--- Data segment Enclosed Below ---
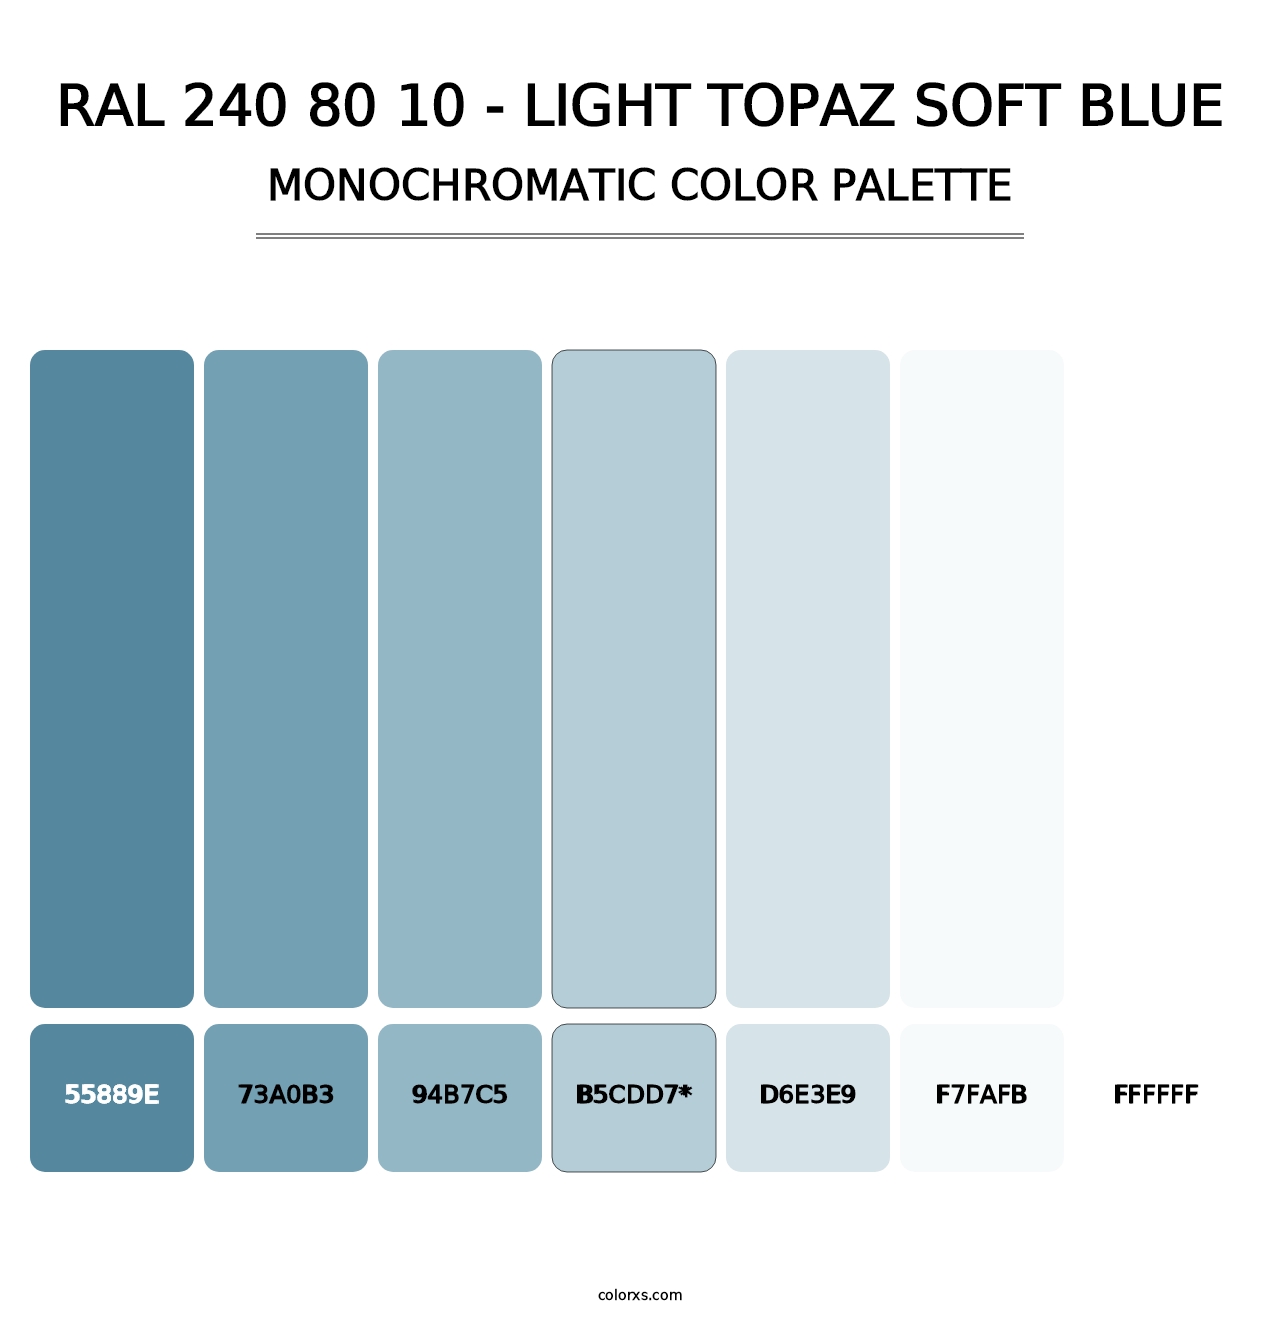 RAL 240 80 10 - Light Topaz Soft Blue - Monochromatic Color Palette
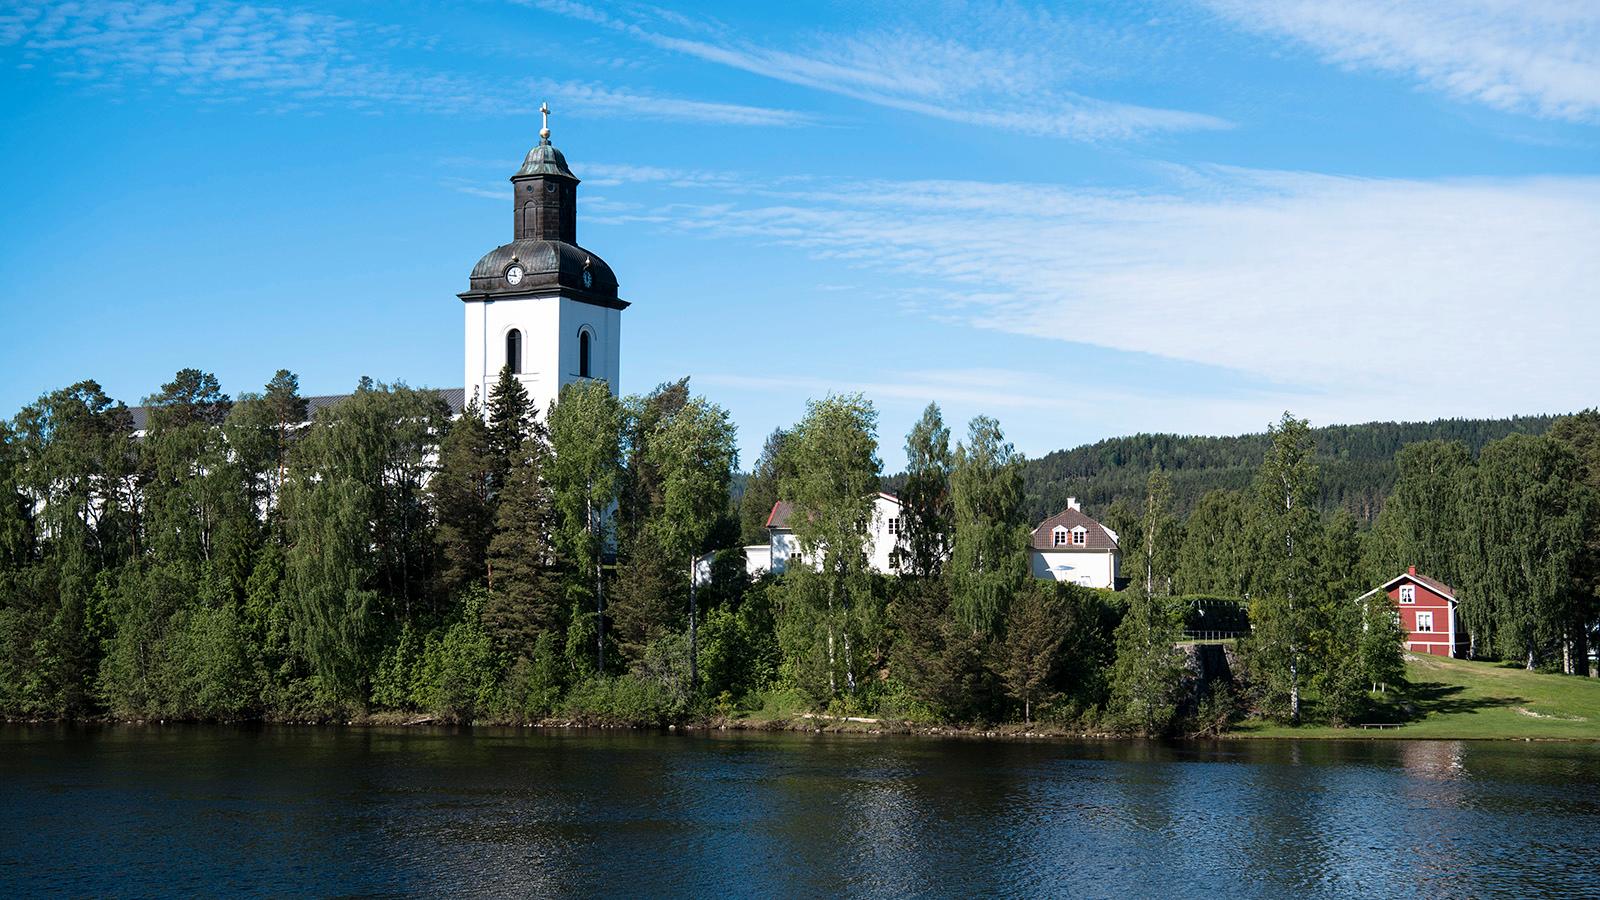 Järvsö kyrka, där Tommy Nilssons före detta svärmor Barbro ”Lill-Babs” Svensson begravdes, är en av 17 kyrkor som ingår i turnén.
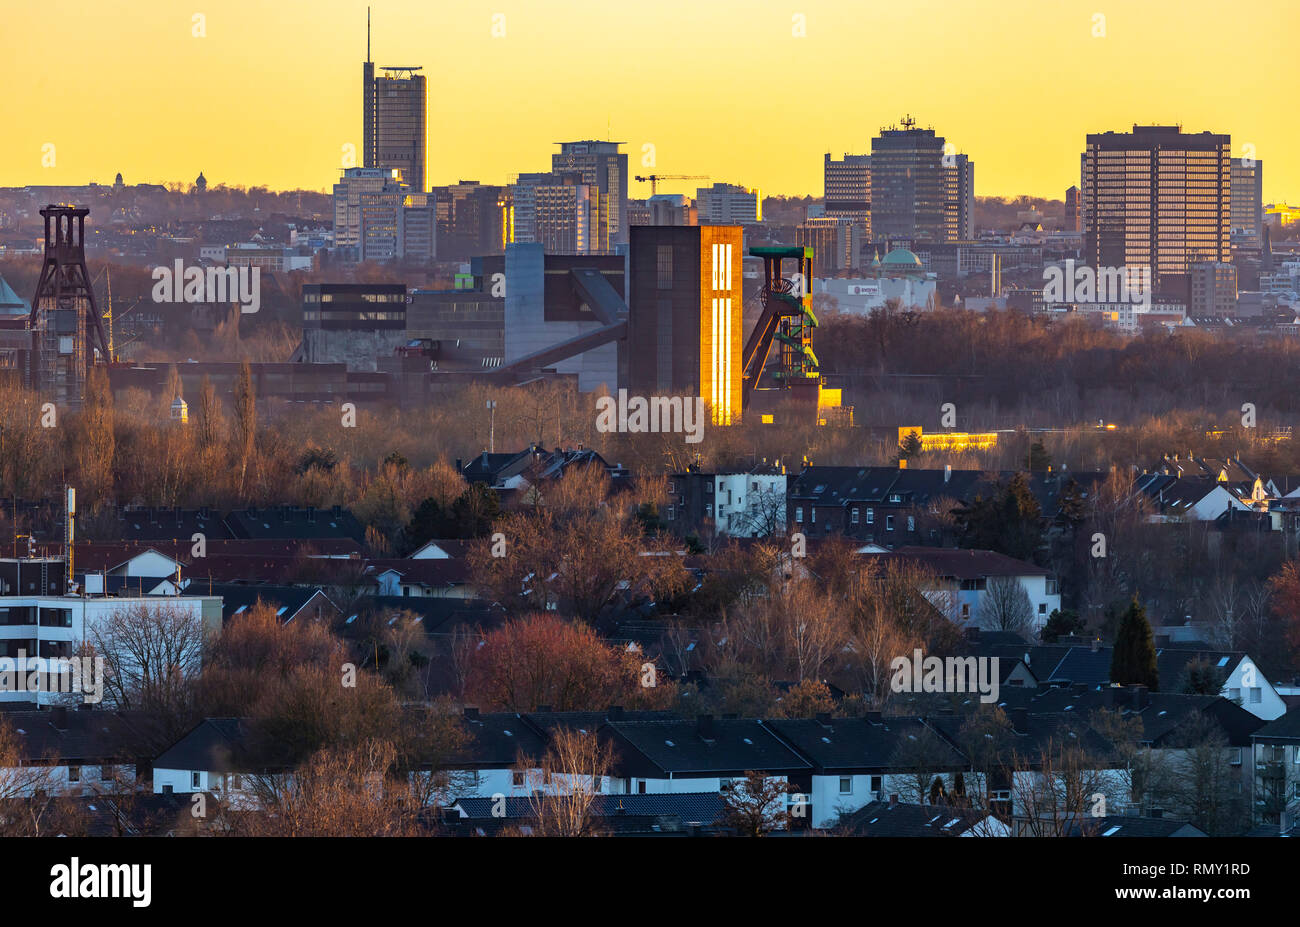 Skyline di Essen, Germania, anteriore la Zollverein colliery, Sito del Patrimonio Mondiale, dietro di esso i grattacieli del centro della città, con il municipio, destra Foto Stock
--- End of Enclosed Data segment ---
Work order: Please retype, exactly as they appear, the lines from the one with "Järvsö kyrka, där" through the final line of the material, both included, and drop any pictures.

Your response:
 Järvsö kyrka, där Tommy Nilssons före detta svärmor Barbro ”Lill-Babs” Svensson begravdes, är en av 17 kyrkor som ingår i turnén.
 Skyline di Essen, Germania, anteriore la Zollverein colliery, Sito del Patrimonio Mondiale, dietro di esso i grattacieli del centro della città, con il municipio, destra Foto Stock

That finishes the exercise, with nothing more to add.